Book Title: Never Split The Difference: Negotiating As If Your Life Depended On It
Author: Chris Voss
Date of Reading: February 2018
Rating: 10/10
What Is The Book About As A Whole:
Never Split The Difference teaches us about the art of negotiating in a way that doesn’t leave anything at the table. And its foundation doesn’t come from theory, but practical iteration from negotiating with terrorists and abductors for 30 years.
What Is Being Said In Detail:
The book is divided into ten chapters with every chapter building on top of the previous one.
The first chapter emphasizes the point of active listening.
The second chapter goes into techniques of active listening: mirroring, silences, and late-night FM DJ voice.
The third chapter introduces tactical empathy and its elements: labeling and accusation audit
The fourth chapter will teach you the difference between “you’re right” and “that’s right.”
The fifth chapter will examine how to get to “yes” by asking for a “no.”
The sixth chapter deals with the art of bending reality and framing things.
The seventh chapter explains the importance of calibrated, open-end questions.
The eight chapter will teach you that a “yes” is nothing without a “how.”
The ninth chapter will cover haggling and the best way of doing it— the Ackerman system.
And the last chapter will teach you how to discover the Black Swans— three to five pieces of information that change every single negotiation.
Most Important Keywords, Sentences, Quotes:
Our techniques were the products of experiential learning; they were developed by agents in the field, negotiating through crisis and sharing stories of what succeeded and what failed. It was an iterative process, not an intellectual one, as we refined the tools we used day after day. And it was urgent. Our tools had to work, because if they didn’t someone died.
In my short stay I realized that without a deep understanding of human psychology, without the acceptance that we are all crazy, irrational, impulsive, emotionally driven animals, all the raw intelligence and mathematical logic in the world is little help in the fraught, shifting interplay of two people negotiating.
Through decades of research with Tversky, Kahneman proved that humans all suffer from Cognitive Bias, that is, unconscious—and irrational—brain processes that literally distort the way we see the world. Kahneman and Tversky discovered more than 150 of them.
It all starts with the universally applicable premise that people want to be understood and accepted. Listening is the cheapest, yet most effective concession we can make to get there. By listening intensely, a negotiator demonstrates empathy and shows a sincere desire to better understand what the other side is experiencing.
Tactical Empathy. This is listening as a martial art, balancing the subtle behaviors of emotional intelligence and the assertive skills of influence, to gain access to the mind of another person. Contrary to popular opinion, listening is not a passive activity. It is the most active thing you can do.

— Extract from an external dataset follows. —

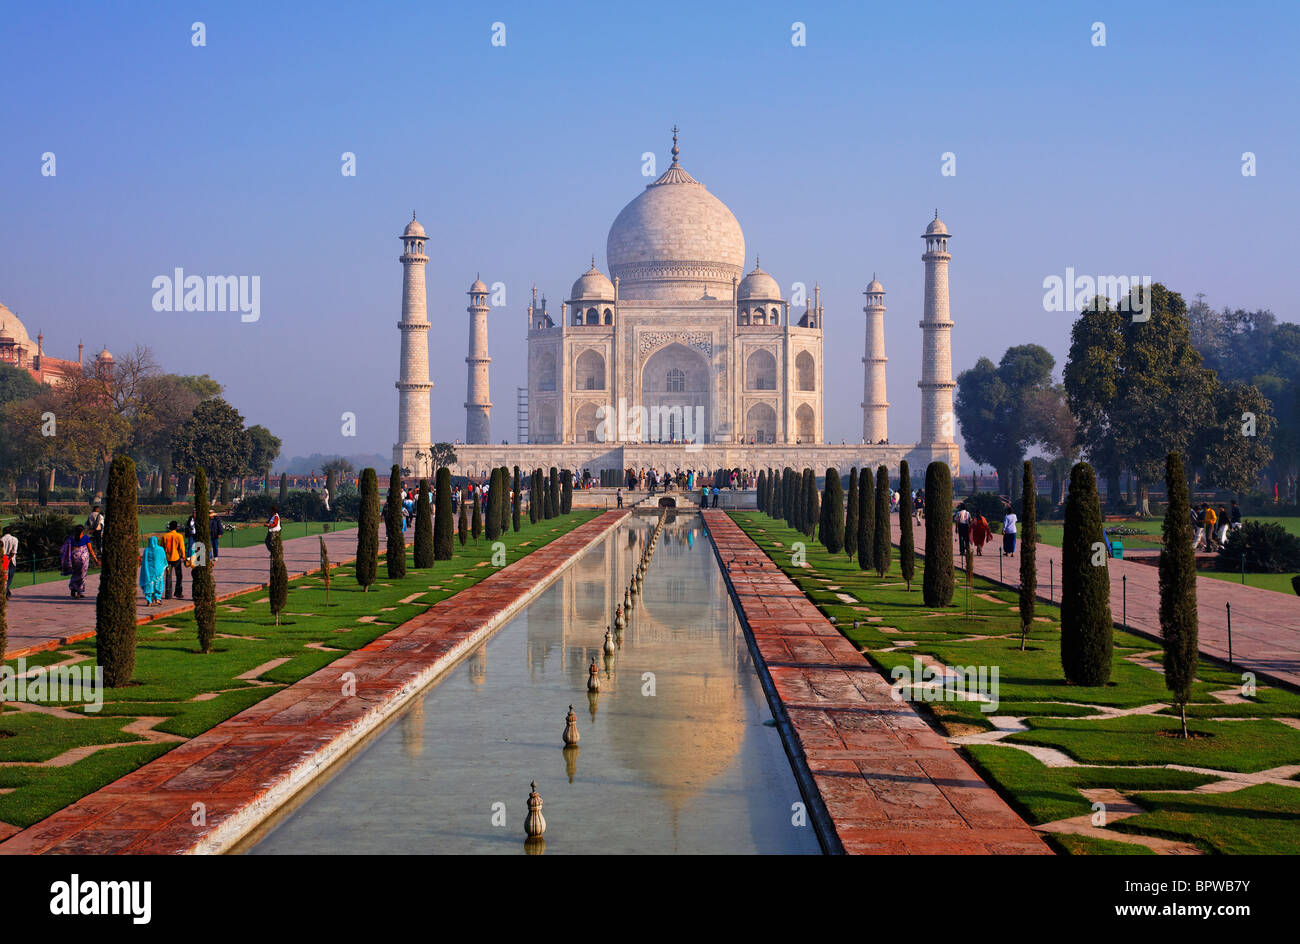 The Taj Mahal, Agra, Uttar Pradesh, India - Stock Image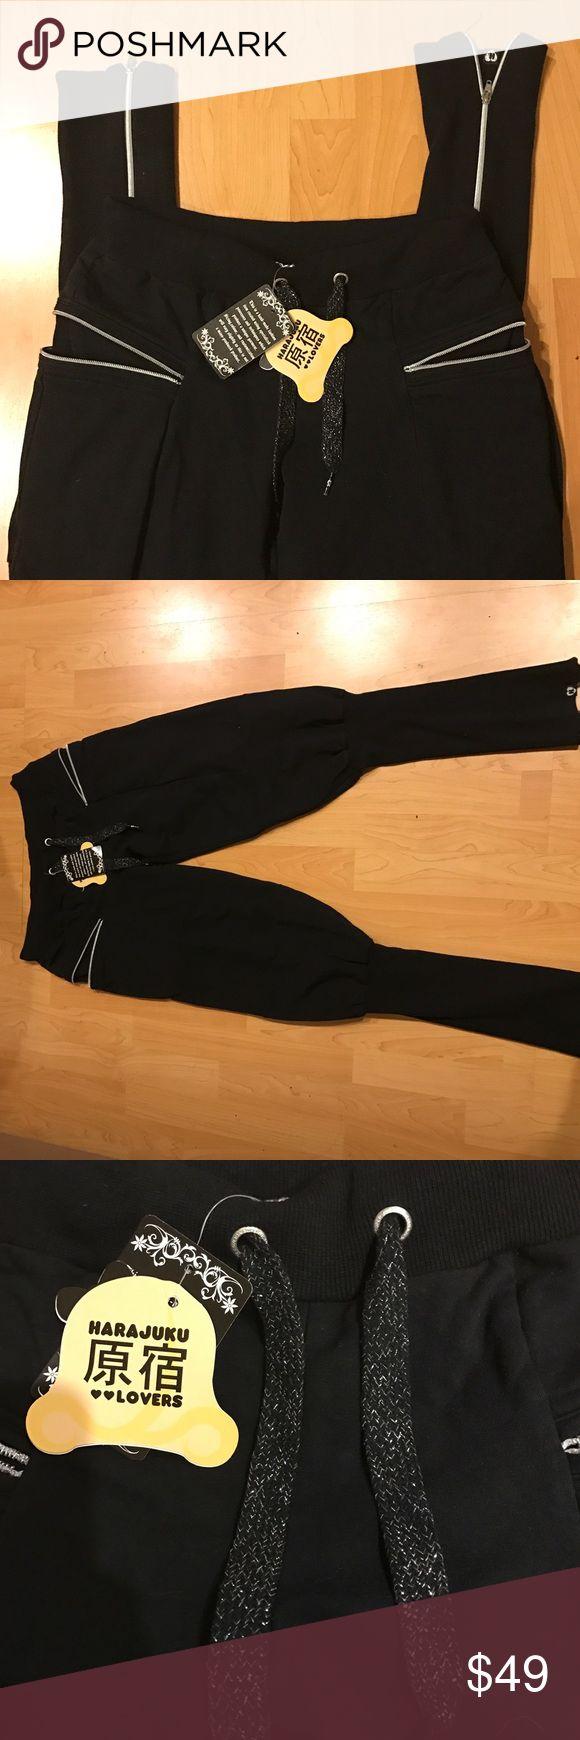 Harajuku Lovers love maniac sweat pants NWT Brand new with tags harajuku love maniac zippered skinny sweat pants. Harajuku Lovers Pants

A successful hostage negotiator has to get everything he asks for, without giving anything back of substance, and do so in a way that leaves the adversaries feeling as if they have a great relationship. His work is emotional intelligence on steroids. Those are the tools you’ll learn here.
In one of the most-cited research papers in psychology George A. Miller persuasively put forth the idea that we can process only about seven pieces of information in our conscious mind at any given moment. In other words, we are easily overwhelmed.
…when you inflect your voice in a downward way, you put it out there that you’ve got it covered. Talking slowly and clearly you convey one idea: I’m in control. When you inflect in an upward way, you invite a response.
One group of waiters, using positive reinforcement, lavished praise and encouragement on patrons using words such as “great,” “no problem,” and “sure” in response to each order. The other group of waiters mirrored their customers simply by repeating their orders back to them. The results were stunning: the average tip of the waiters who mirrored was 70 percent more than of those who used positive reinforcement.
Four simple steps to get your way without confrontation:
1. Use the late-night FM DJ voice.
2. Start with “I’m sorry . . .”
3. Mirror.
4. Silence. At least four seconds, to let the mirror work its magic on your counterpart.
5. Repeat.
People who view negotiation as a battle of arguments become overwhelmed by the voices in their head. Negotiation is not an act of battle; it’s a process of discovery. The goal is to uncover as much information as possible.
Emotions are one of the main things that derail communication. Once people get upset at one another, rational thinking goes out the window.
Getting to this level of emotional intelligence demands opening up your senses, talking less, and listening more. You can learn almost everything you need—and a lot more than other people would like you to know—simply by watching and listening, keeping your eyes peeled and your ears open, and your mouth shut.
Tactical empathy is understanding the feelings and mindset of another in the moment and also hearing what is behind those feelings so you increase your influence in all the moments that follow. It’s bringing our attention to both the emotional obstacles and the potential pathways to getting an agreement done. It’s emotional intelligence on steroids.
Politics aside, empathy is not about being nice or agreeing with the other side. It’s about understanding them. Empathy helps us learn the position the enemy is in, why their actions make sense (to them), and what might move them.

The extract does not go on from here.